Он вдруг воодушевился, глаза засверкали, он напрягся.
– Я писал очень хорошие стихи. Очень. Подражательские – да, незрелые – да. Но очень хорошие. В семидесятые друзья мне сказали: давай, Лорд – моя лицейская кличка была не Француз, как у того, за то, что он свободно по-французски щебетал, а Лорд, потому как сейчас в моде английский… Так вот, сказали: теперь пора. Рассылай. Я размножил стихи на ксероксе, послал во все журналы. Во все! И ни в одном – не напечатали!.. Все прислали ответы. Кто-то – хамски-короткий: «Напечатать ваши стихи не можем, так как они не соответствуют тематике нашего журнала». Большинство – пространно-любезные… «Вы бесспорно талантливы, вам надо много учиться…» – передразнил он кого-то. И никто не приехал, не полюбопытствовал: что это за парнишка в Красном Селе? Да я б руку тому поцеловал!.. Только из «Нового мира» пришло такое печальное письмо: мол, мы бы рады напечатать вас, но вы немножко опоздали. Вот если бы на год-полтора пораньше… Типа, когда еще был жив Твардовский… Крепитесь, пишите, – писали они, – придут другие времена… Давайте покурим, – вдруг устало продолжил он.
– Давайте.
В редакции все уже наверняка ушли, курить можно было и в кабинете. Он достал пачку – конечно же, американские, «Винстон», вытащил из коробки сигарету, перебросил пачку через столы мне.

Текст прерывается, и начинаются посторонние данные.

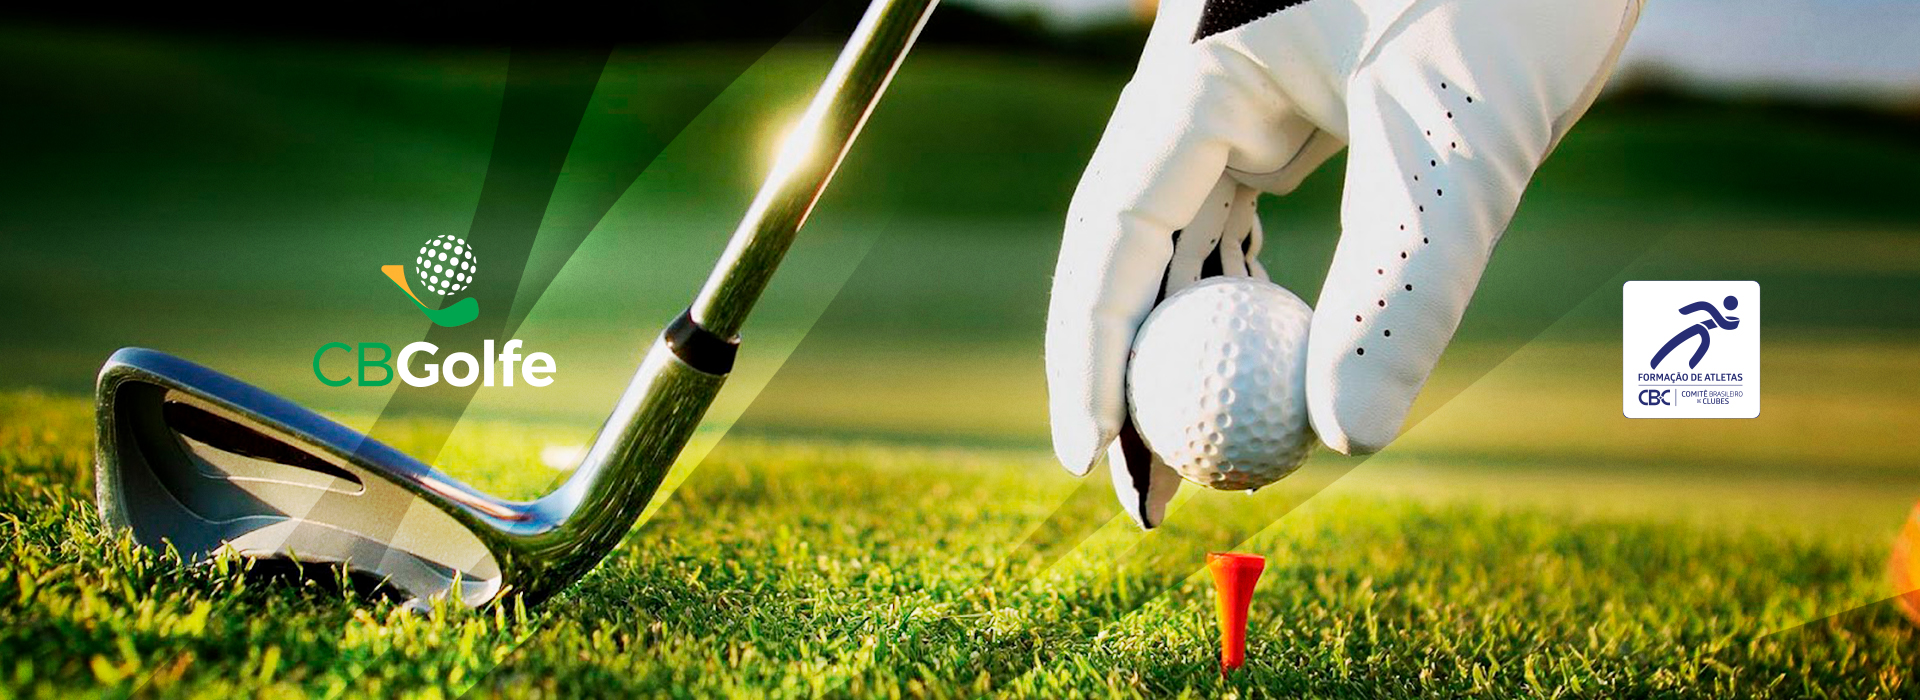 Comitê Brasileiro de Clubes – CBC fecha parceria com a Confederação Brasileira de Golfe - CBGolfe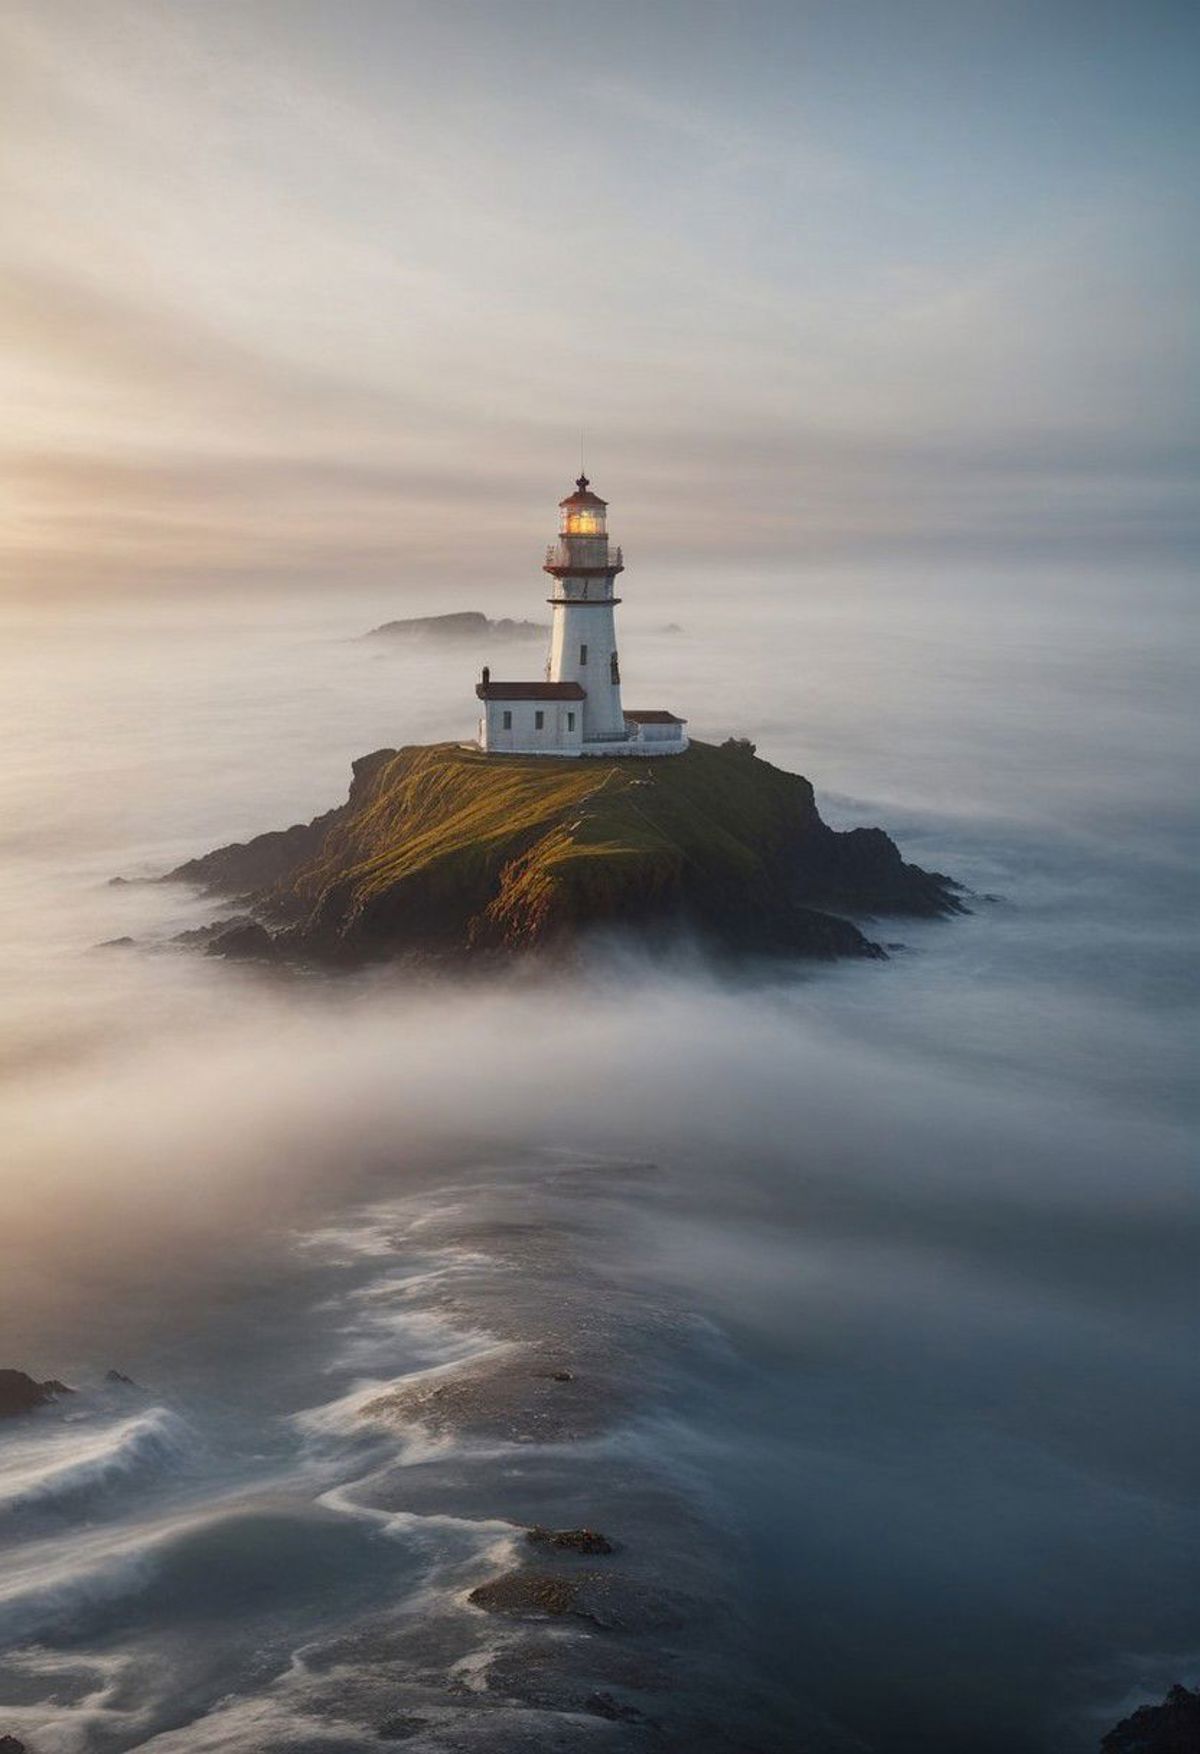 A lighthouse on a rocky island in the foggy ocean.

Я встал, подошел к нему прикурить. Он щелкнул зажигалкой – конечно же, японская, пьезоэлектрическая. На мизинце его был витой перстень, очень знакомый. У Пушкина он на пальце на портрете Тропинина. Тот самый? – ехидно подумал я. «Храни меня, мой талисман»? Подаренный в Одессе Воронцовой? Он его через время тащил? Или в нем родился? Прохиндей, пришел бизнес делать! Но почему он объявился не раньше? Почему вынырнул только сейчас? И почему пришел ко мне?
Я сладко затянулся американским дымом, пересек комнату и сел теперь за свой стол, в глубине, у двери. Он задумчиво смотрел в окно и стряхивал пепел за батарею. Мягко улыбаясь, он вдруг сказал:
– Интересно два раза в жизни начинать курить… Два раза – первая сигарета. Впервые – на прогулке в Саду, за кустами – учил Мясоедов и еще присутствовал почему-то Кюхля… Второй раз – на Фонтанке, на кухне у Сереги Крутова… Оба раза было одинаково плохо…
Так он актер или сумасшедший? Или настолько вжился в роль?
– Помню, когда я начинал писать, – сказал я утешающе, – тоже слал во все редакции – и тоже никто не печатал.
Он сидел, уставившись в окно. По его лицу пробежала – нет, не усмешка и даже не тень усмешки, – но оттенок высокомерия несомненно промелькнул в его выражении. Я почувствовал неловкость и раздражение. Тоже мне, гений в трусиках!
– Откройте, пожалуйста, окно, – сказал я, – а то надымим.
Он очнулся, легко вскочил на подоконник, откинул верхнюю ручку и, потянув на себя, раскрыл створку. Сделал еще несколько затяжек, стоя на подоконнике, а потом щелчком выбросил вниз сигарету. Повеяло осенней свежестью.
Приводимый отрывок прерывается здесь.